How to KISS and TELL … Step by Step

Always kiss and tell

Do you write procedures? Then always KISS and TELL; your readers will love you. Let me explain.

Every halfway decent tech writer understands how and why to KISS — Keep It Short and Simple– but not as many are willing to TELL: Test Every Line for Logic. Writing procedures is, after all, an exercise in clear communication, not an exhaustive process definition.

So here’s how you KISS your readers and TELL them the safest and most efficient way to accomplish a task.


Use the Six Keys

Make sure that you’ve covered the six W’s: Who, When, Why, What Conditions, What Steps, and What Followup.

But that’s just the beginning.

Analyze the Steps

Reversing the proverbial KISS and TELL order, now it’s time to Test Every Line for Logic by analyzing the sequence of steps. Procedures, by their very nature, have to be sequential, and not just any old sequence will do, because:

  • If your procedures backtrack or omit critical steps, they’re no better than trial-and-error.
  • If your procedures provide “oh, by the way” safety warnings that follow risky operations instead of preemptive warnings that precede the hazardous steps, they’re not just inefficient–they’re dangerous.

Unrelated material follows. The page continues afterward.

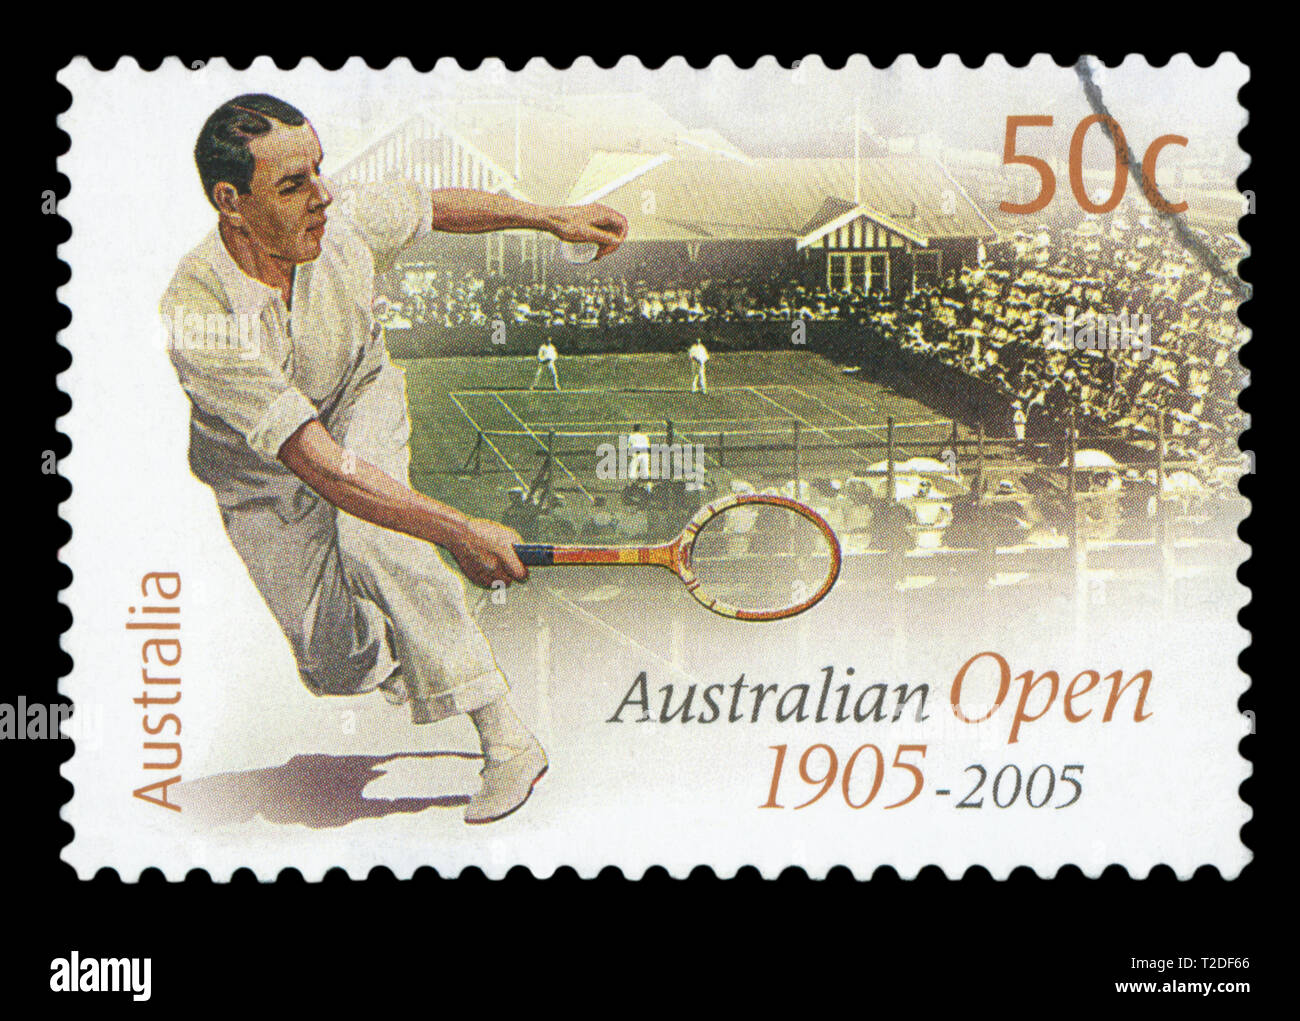 Australien - ca. 2005: einen gebrauchten Briefmarke aus Australien, symbolisiert die Geschichte der Australian Open 1905 - 2005, ca. 2005. Stockfoto

To provide instructions that make a logical progression:

  1. Make sure you have determined the end goal(s).
    A complex procedure has a grand destination, or end goal, that is the culmination of lots of smaller subprocedures, each of which has its own end goal. For example, a novice cook whose end goal is yummy potato salad actually has several subgoals.

    • Get the potatoes ready (scrub them, cook them peel them, cube them)
    • Prep the eggs (boil them, cool them, peel them, chop them)
    • Put together the dressing (measure and mix mayonnaise, mustard, spices)
  2. Account for required conditions.
    Things that the reader must know about, tools he must locate, schedules to be followed–all these things are part of the logical analysis. Describe each required condition at the right place in the procedure–before the user begins the step where the condition becomes significant.

Cut Out the Fat

After you cover who/where/why/what/what/what and test the logical progression of your procedures, it’s time to KISS and break up clumps of unnecessary words, useless modifiers, and superfluous explanation. One of the most effective ways to cut unnecessary words from your procedures is to use pictures.

I once worked with an extremely intelligent woman for whom English is a second language. She always listened carefully to instructions and followed them closely, but sometimes had a difficult time with some of the language used to outline the steps. When she understood what was being conveyed, she always said emphatically: I got a picture!

Include whatever it takes — diagrams, photographs, graphs, charts, line drawings, screenshots — to give your readers a picture of what must or must not happen in the procedure–without squandering words.

Remember — your reader counts on you to guide her safely and efficiently to the successful completion of her task.